> **What to produce**
Leave every image out, and print the remaining lines below exactly.

> **Data block**
--- START ---

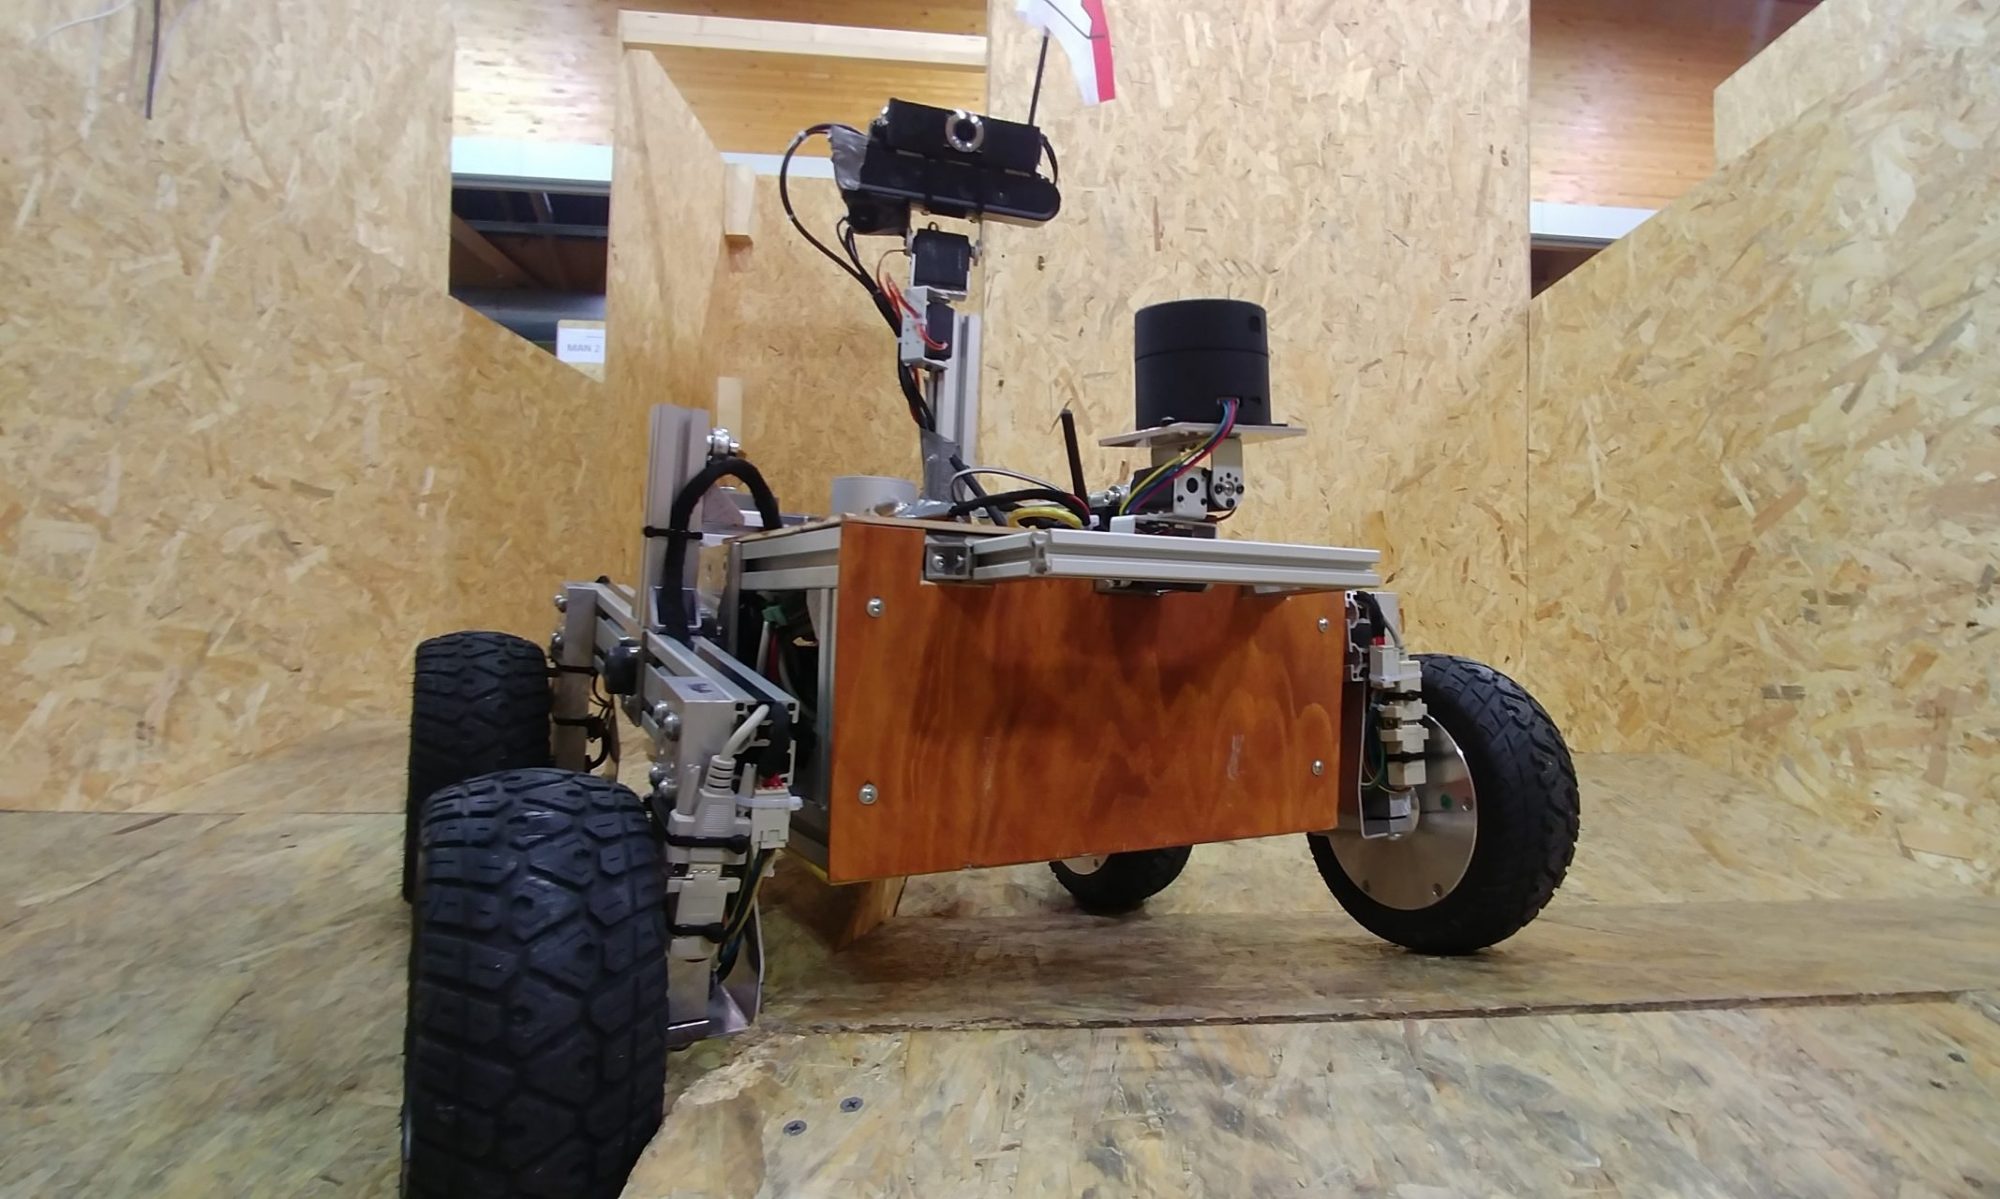 FRANCOR - Franconia Open Robotics
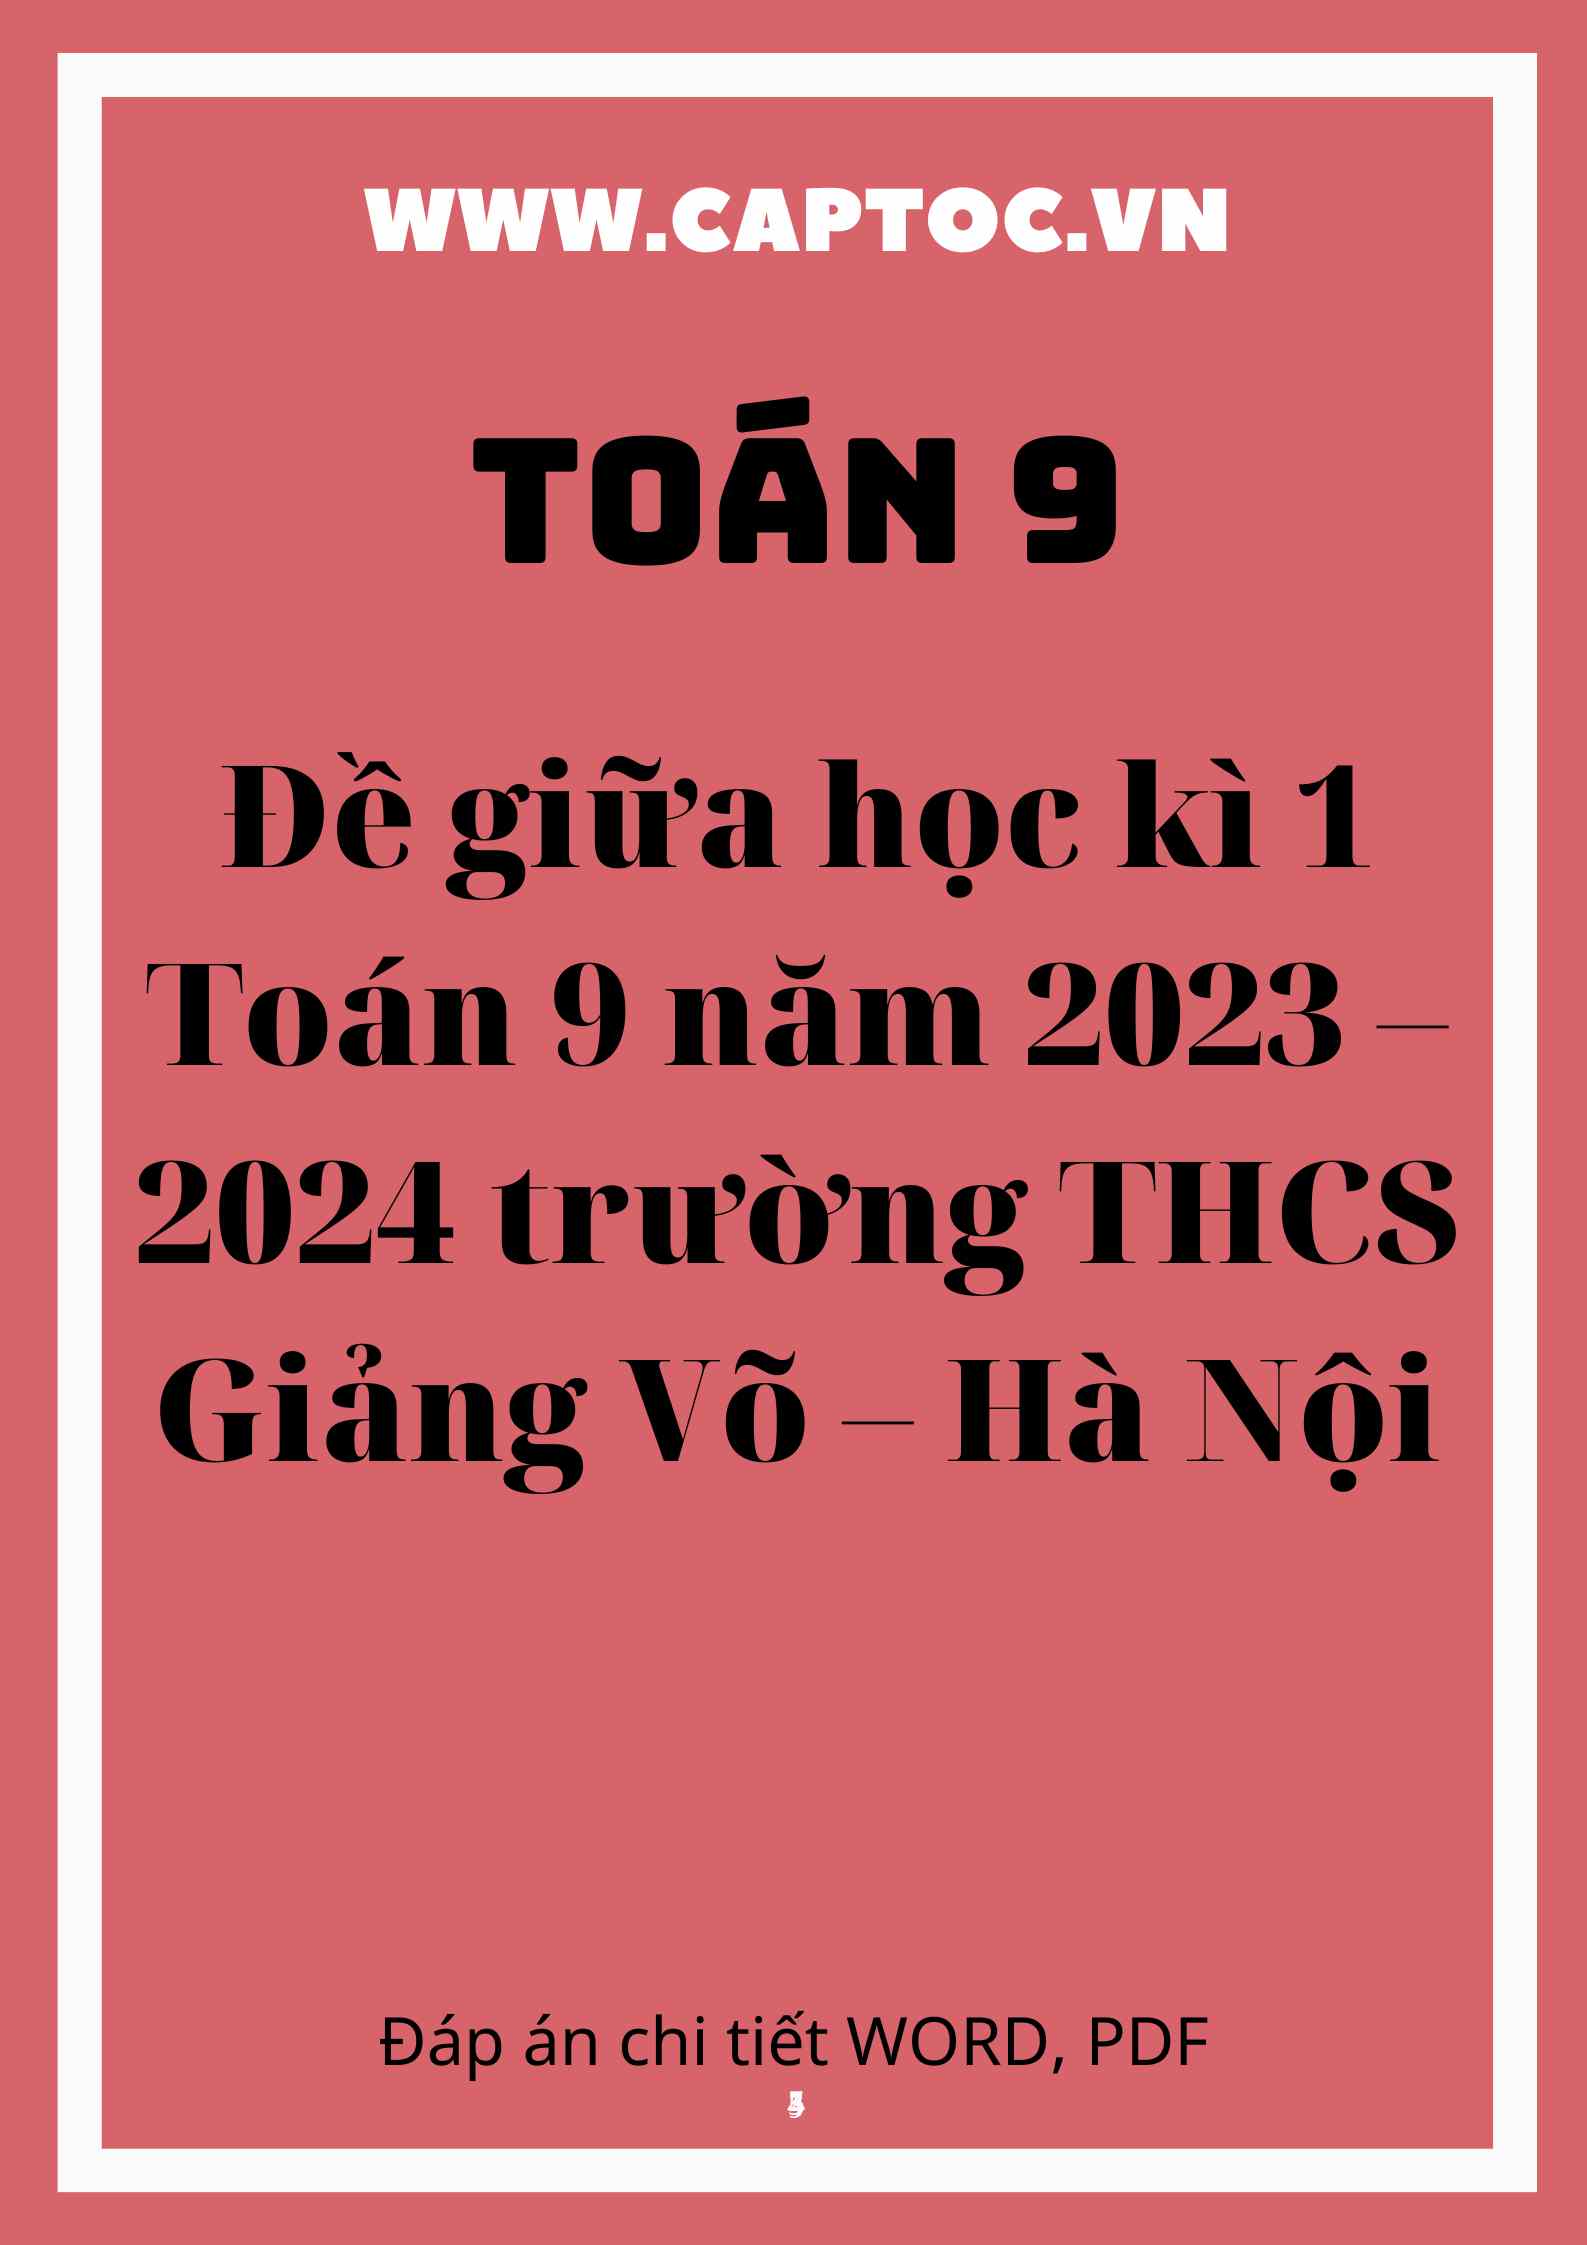 Đề giữa học kì 1 Toán 9 năm 2023 – 2024 trường THCS Giảng Võ – Hà Nội
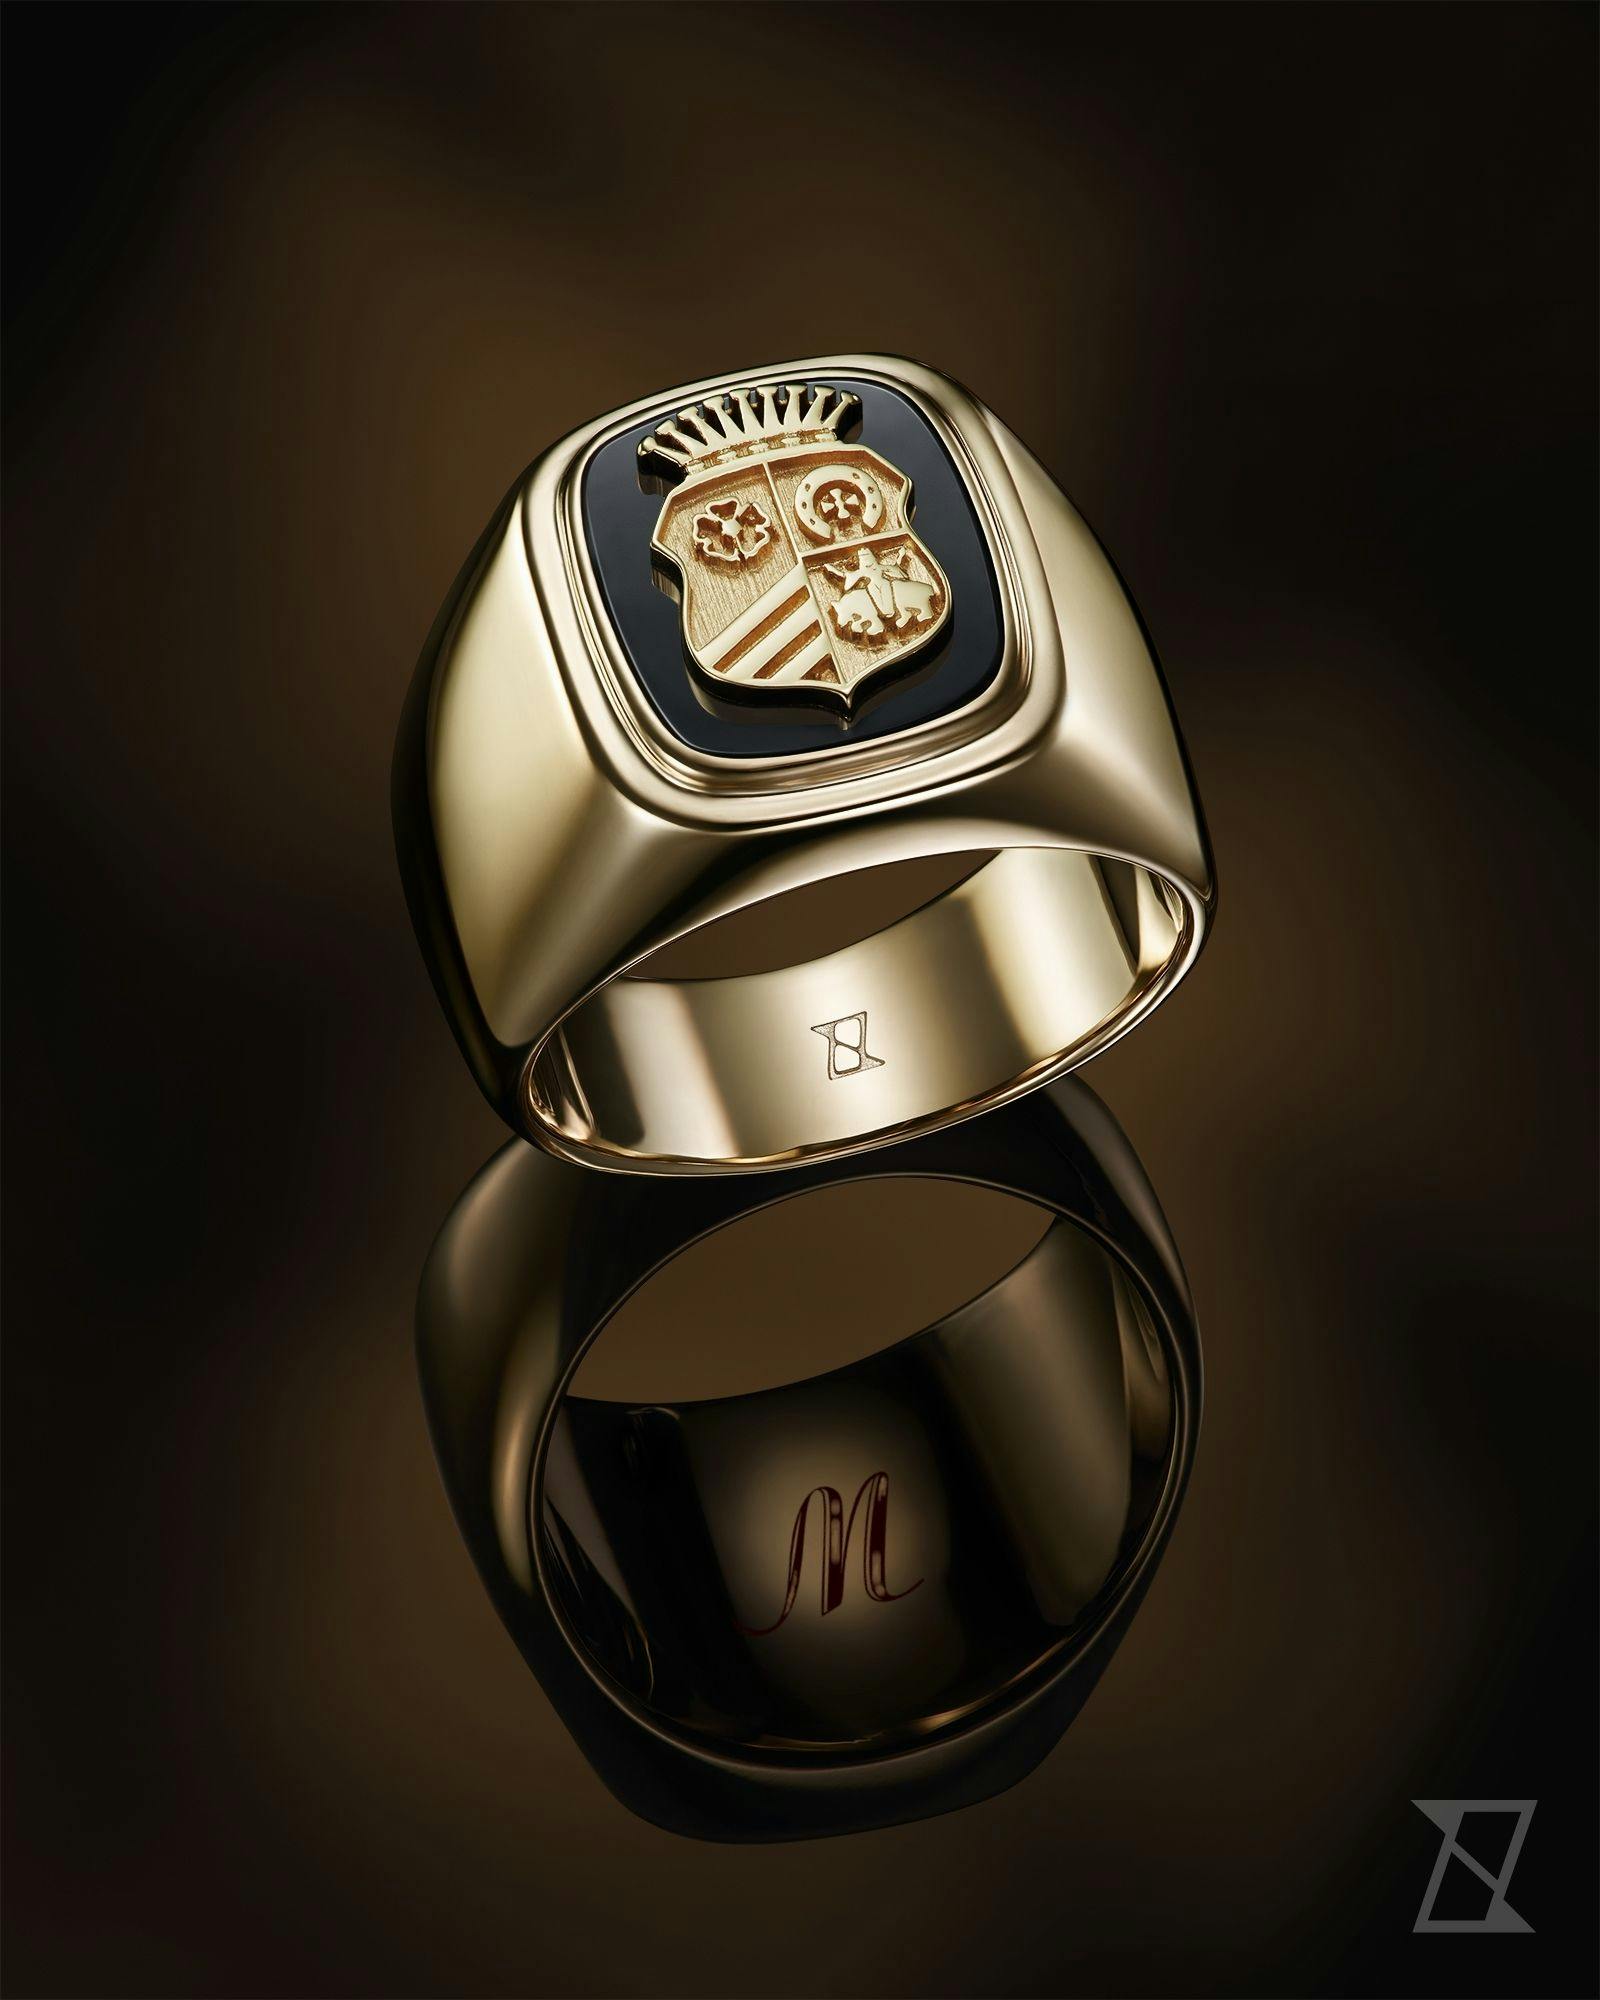 Bespoke signet ring with engraving

--- END ---

> **Problem solution**
 FRANCOR - Franconia Open Robotics
 Đề giữa học kì 1 Toán 9 năm 2023 – 2024 trường THCS Giảng Võ – Hà Nội
 Bespoke signet ring with engraving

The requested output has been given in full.